С этих доблестных стен душа моя свободно взлетала с избранной ловчей птицей. На этой каменной жердочке я был жертвой его, словно камнем падающая добыча, в этих гладких плотоядных, быстрых подручных смерти, я пригубливал их воздушного, режущего мастерства и в сутулом мгновении смертности различал эфемерную живучесть. Вот они, древние законы, по небу начертанные темной скользящей мишенью, петляющей траекторией полета, паникой нырков, кувырков и отчаянных падений, погружением и рывками добычи, — и все они повторяются мгновенными бросками и поворотами преследующего, настигающего ее сокола.

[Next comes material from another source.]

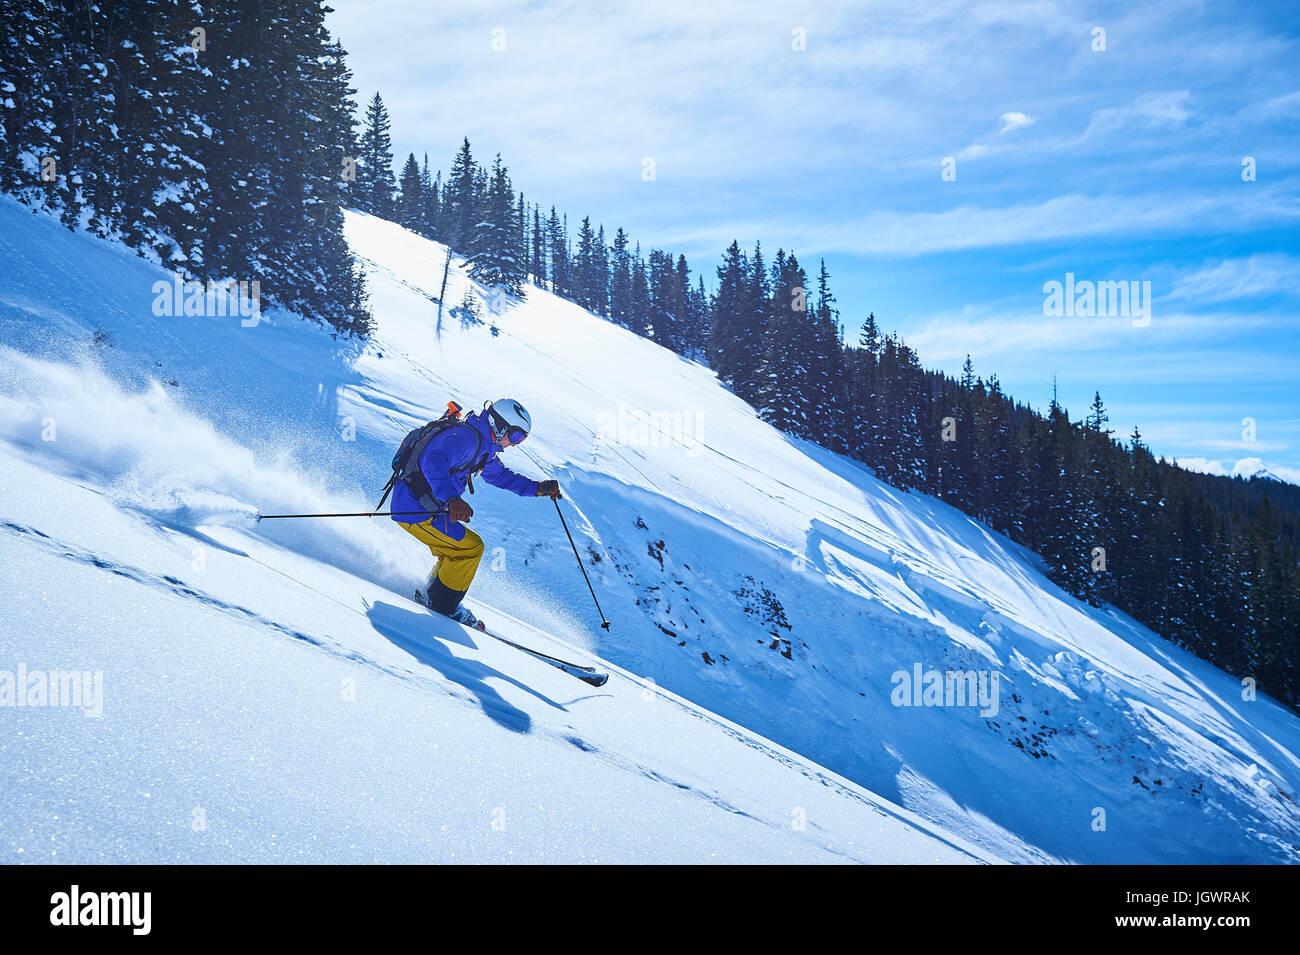 Man skiing down steep snow covered mountainside, Aspen, Colorado, USA - Stock Image

Мгновенное соитие в ударе — порой, если стоишь близко, слышно, как когти вонзаются в плоть, — крошечный взрыв перьев, что повисают в воздухе, а потом падают длинным штопором, крылья хищника цепляются за воздух в поиске опоры, жертва обмякла или слабо отбивается, тоже бьется, и вся эта двойная птичья скульптура — одна мертвая или умирающая, другая живая как никогда, точно напитавшаяся новой кровью, — эти смерть торжествующие близнецы, скованные когтями и сухожилиями, кружатся на общей оси, — они падают, вцепившись друг в друга, брызжа перьями, добыча жалобно вскрикивает, и наконец они рушатся на поле, на лужайку или в лес.
Собаки, обученные отпугивать соколов, со своим теплым грузом мчались к замку по каменному мосту через ров, по двору, вверх по винтовой лестнице и на крепостную стену — по спиральным ступеням за ними тянулся кроваво-пернатый след.
С этими охотниками, моими воплощениями, я жаждал влиться в беспощадно элегантную борьбу жизни и смерти, эволюции и отбора, хищника и жертвы. Мне казалось, через них я могу сопротивляться суровой воздушной осаде, и неторопливой эрозии времени, и неостановимой поступи возраста, встретив их не облаком — отступив и уступив, — но чеканной резьбою; неподвижностью взгляда и хватки, что позволит мне — такому избранному, такому непокоренному — выстоять целым и цельным.
Собаки сдохли в прошлом году: заболели чем-то, а ветеринара поблизости не оказалось. С ними погибли поколения преданного труда и педантичной селекции.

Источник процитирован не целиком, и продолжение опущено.